Co-authors on the study include Asiful Alam and Md Farhad Hossain Masum, both at the University of Georgia. SPARC also includes Brian Bledsoe and Dan Geller, College of Engineering, and Henry Sintim and Greg Colson, College of Agricultural and Environmental Sciences.
Financing for this research study was gotten through the USDA-NIFA Bioenergy Coordinated Agricultural Project Grant # 2016-11231.
This research study is a part of an unique concern (” Sustainable Aviation Fuel Production from Brassica carinata in the Southern United States”) published in GCB Bioenergy.
Plant-based jet fuel could decrease emissions by 68%.
Changing petroleum-based aviation fuel with sustainable aviation fuel derived from a kind of mustard plant can reduce carbon emissions by approximately 68%, according to new research from University of Georgia researcher Puneet Dwivedi.

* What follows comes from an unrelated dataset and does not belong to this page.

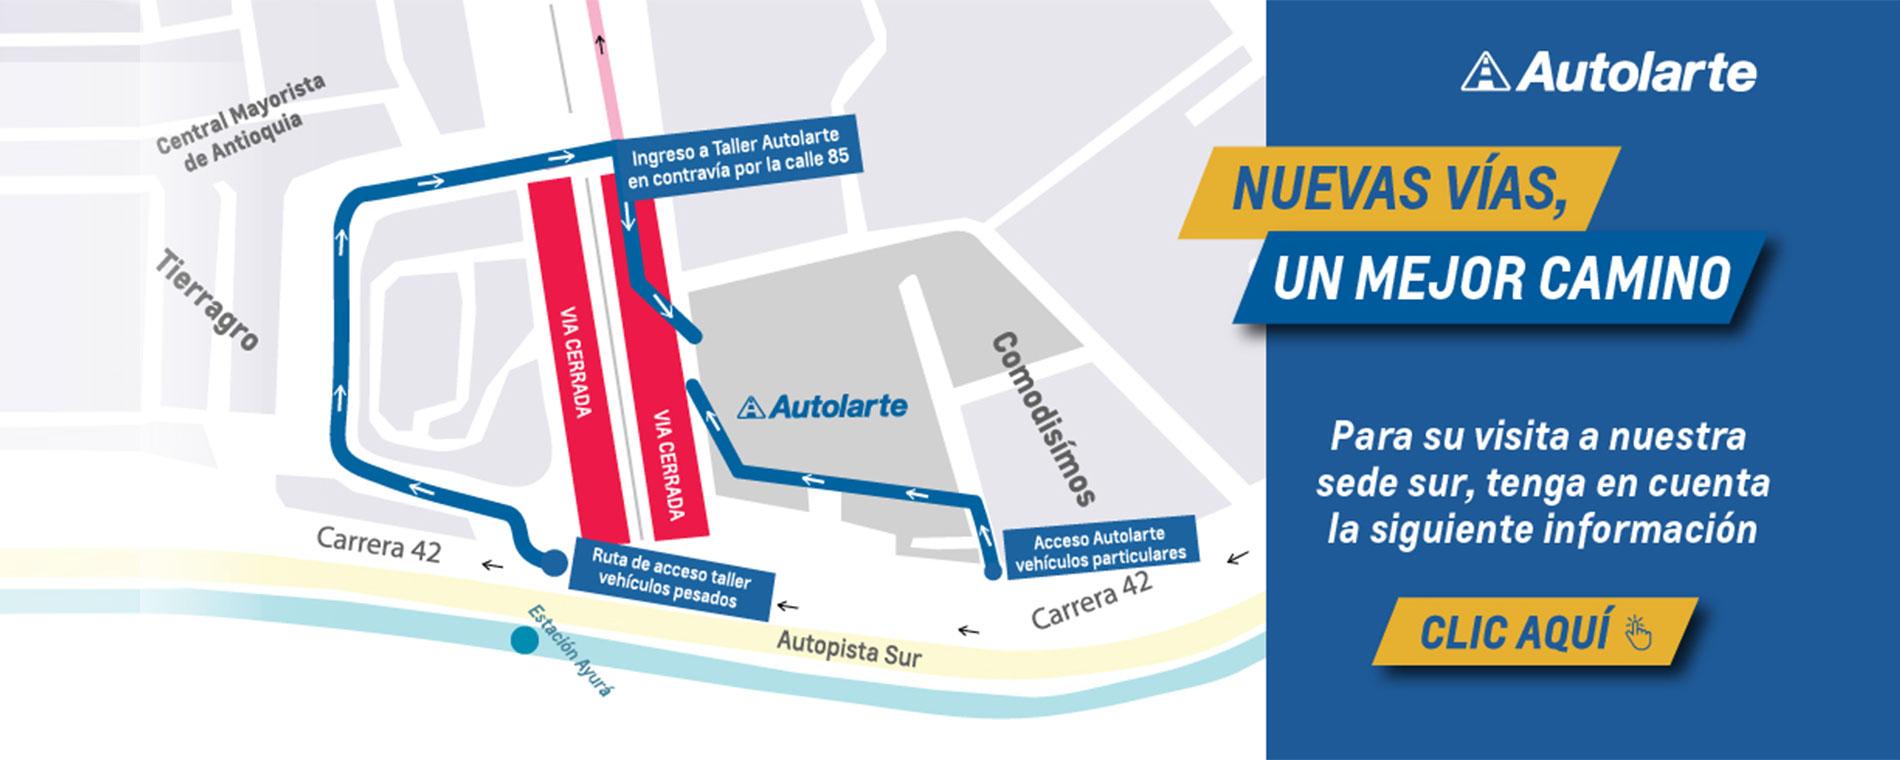 Chevrolet Autolarte - Medellín antioquia - vías y trayectos

Dwivedi led a team that approximated the break-even rate and life cycle carbon emissions of sustainable aviation fuel (SAF) derived from oil gotten from Brassica carinata, a non-edible oilseed crop. The study was published in GCB Bioenergy.
” If we can protect feedstock supply and supply appropriate economic incentives along the supply chain, we might potentially produce carinata-based SAF in the southern United States,” said Dwivedi, associate teacher in the Warnell School of Forestry and Natural Resources. The air travel industry gives off 2.5% of all carbon dioxide emissions nationwide and is accountable for 3.5% of international warming. “Carinata-based SAF might help in reducing the carbon footprint of the air travel sector while producing economic opportunities and enhancing the circulation of community services across the southern area.”